Putting aside everything you've heard about Chart Junk, which of these attracts your attention?
Meaningful + 2
A third way, is to focus on creating the visualizations so they are instantly understandable. This is done by using various techniques to amplify the pattern in the data, so that we more quickly see what's going on.
24 techniques for improving visualizations
This infographic shows 24 technique for improving visualizations, grouped into the three broad categories.
Today I am going to explore a small set of the more advanced techniques. I'm focusing on the techniques that I find most market researchers don't know.
Who trump has attacked
The simplest way to create a memorable visualization is to create something visually striking. If it's dramatic we can remember it.

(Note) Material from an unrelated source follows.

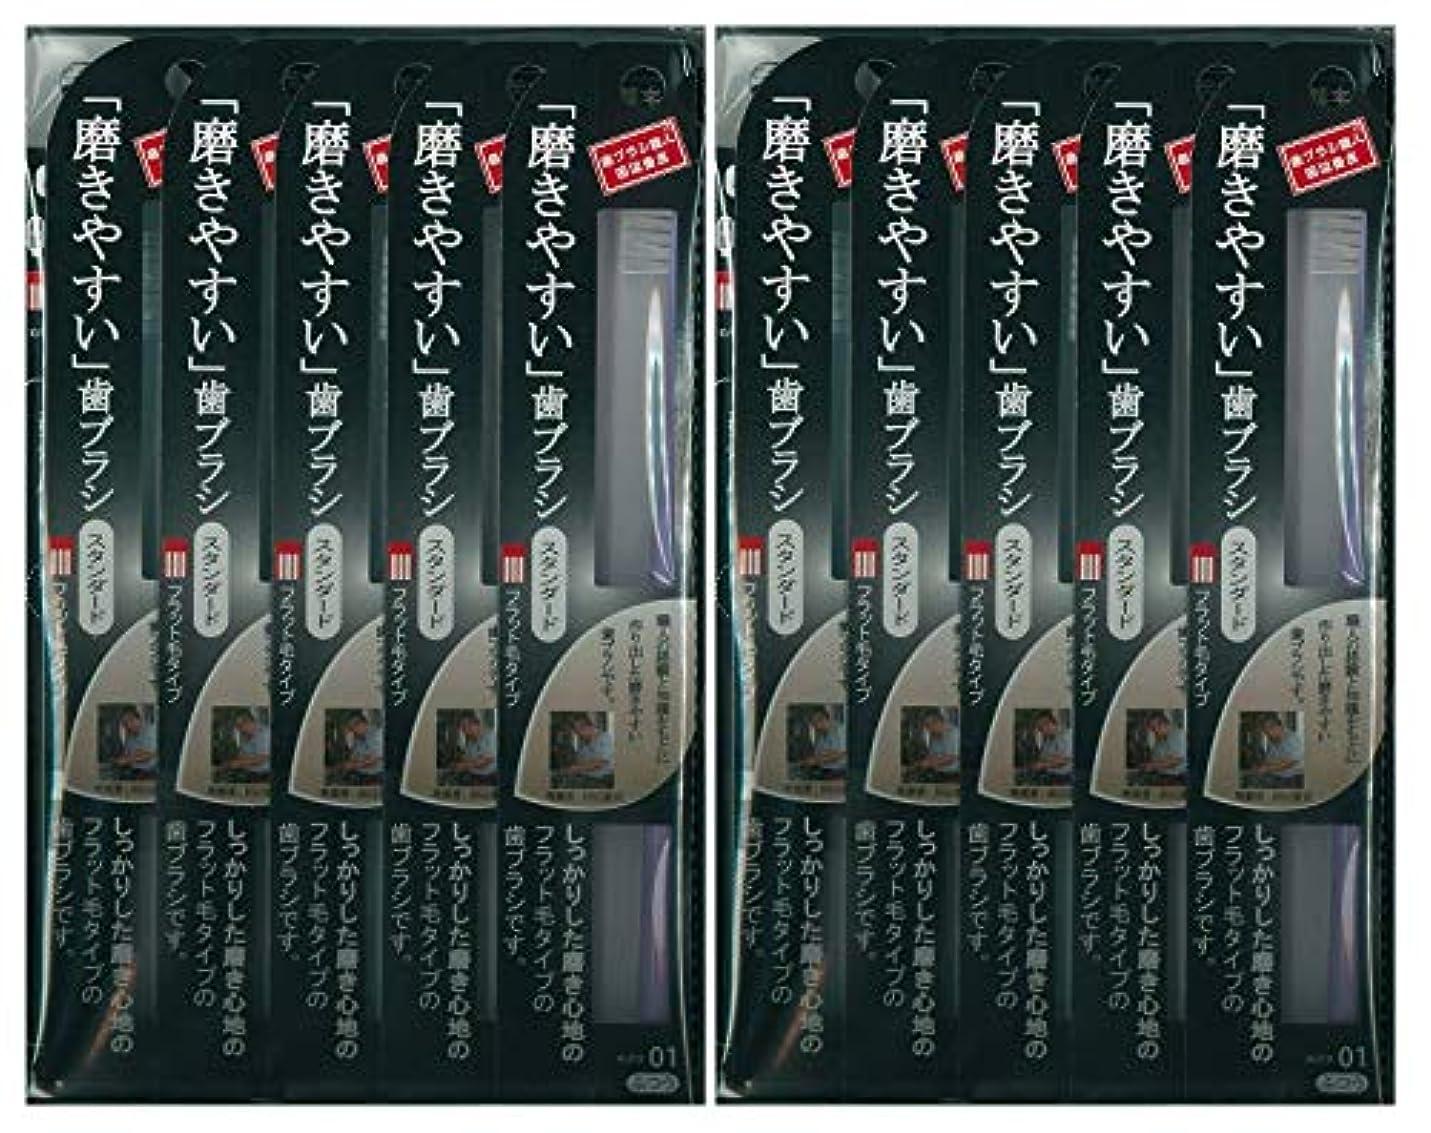 送る突然の緊張する歯ブラシ職人 田辺重吉考案 磨きやすい歯ブラシ ふつう (フラット) LT-01 1本入×24本セット

This is fun. But, it's not a great visualization. It makes you remember Octopuses with orange hair, rather than the story in the data.
This one tries to grab attention in a different way. It uses a design inspired by the subject matter.
I think it's beautiful. This makes it memorable.
But, it's a poor visualization.
When I look at it I see stairs. Stairs going down.
As the heading is talking about the market growing, but the bottom bar has lines through it, the visualization isn't instantly understandable.
Iraq's blood toll
This one's a bit hard to read, but it's a lot cleverer than the one before. Again, it uses the simple technique of a visual that's tied to the subject matter.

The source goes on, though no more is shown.